The SEO Agency KPIs Dashboard: A Way to Unlock Growth

The SEO Agency KPIs Dashboard: A Way to Unlock Growth

Written by SEOmonitor SEOmonitor 9.9K Reads

How do you usually think about growing your SEO agency?

A common way of doing things, at the beginning of founding an SEO agency, may look like this:

The founder has lots of energy and shares her SEO expertise with the first clients to come. They are satisfied with her performance and trust the value of their SEO campaigns. As they start referring the agency to their networks, growth happens organically. For a while, the only way is up.

Until one day, when the internal landscape of her SEO agency starts shifting. The client portfolio diversifies, so the founder has to tackle both client management, and hiring and managing a team to deliver, at least, the same SEO performance, if not better. There’s also business development to consider.

This is the moment when clients start leaving.

Maybe they don’t have enough resources anymore, maybe they’re not convinced about their SEO results, or maybe they’re not that suited for the agency’s SEO efforts, to begin with.

For instance, a startup trying to validate their business idea or market segments: they won’t have the necessary time or budget to invest in long-term SEO strategies and get the real value of such efforts.

There are various motives for a client leaving, some of which are in our founder’s control and some which are not.

But, one burning question remains:

What happens when good clients decide to leave for a competitor?

As the business becomes more sophisticated, the challenge of growing the SEO agency translates into staying on top of two major components, among other things:

  • The client acquisition process.
  • The client retention process.

If the client acquisition process cannot be scaled in a fast way – because you need to have your best consultants doing the SEO proposals followed by the pitch, and they have limited time in a day – you can decide to focus on your client retention and improve that to unlock your agency growth.

Furthermore, when we consider the type of growth that happens for a subscription-based business model, improving client retention can also mean lower costs of re-acquisition and maintenance, and even overcoming the plateau effect, which an agency may reach at certain steps of its development.

Over time, improving the retention rate translates to efficiency in terms of resources invested and revenue per month, along with a higher cash flow predictability, as higher retention (compound revenue) can outgrow a higher acquisition rate.

But, you probably know the already old business adage: you can’t control what you don’t measure.

It’s like driving a car with a broken speedometer. You have no idea how fast you’re driving as you enter a speed limit section.

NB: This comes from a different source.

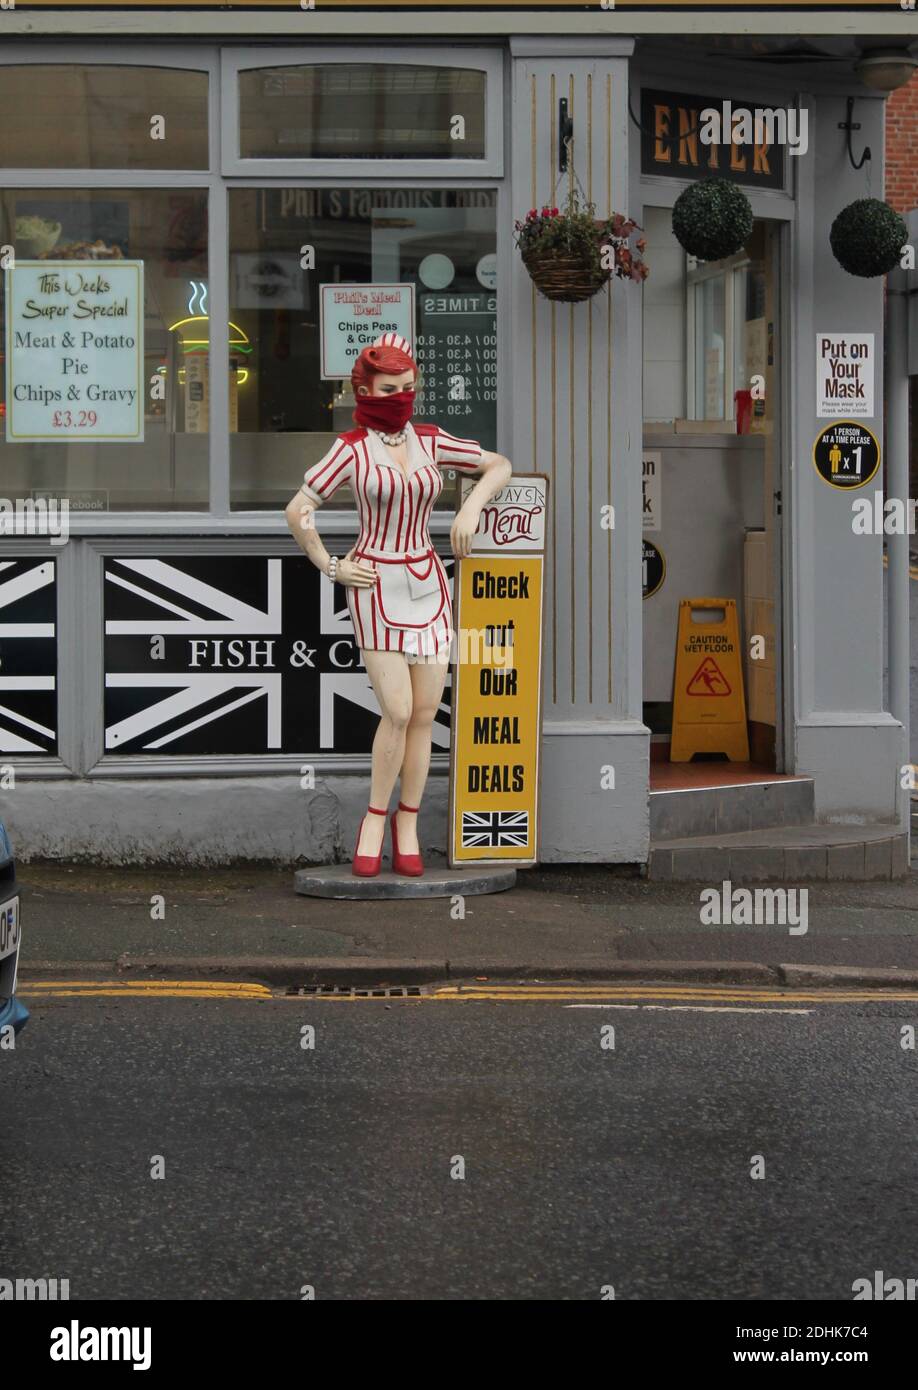 Manichetta femminile vestita in uniforme rossa e bianca da cameriera una sciarpa come un facemask all'esterno di un negozio di chip Foto Stock

You may feel like you’re in the right parameters or, perhaps, you’ll lose your driver’s license.

Both scenarios are possible, and you have no objective way of knowing.

So, the first order of business you can tackle: measuring client retention.

You may start thinking about the agency’s churn rate, meaning the percentage of clients leaving in any given month and how to go about optimizing that percentage.

After all, what’s behind the churn rate is a whole ecosystem that you need to keep track of, ideally in one place: client profile, SEO performance trend, client engagement, and communications, goals or transactions, etc.

What happens when good clients decide to leave for a competitor?

How Would Walmart Measure Your SEO Agency?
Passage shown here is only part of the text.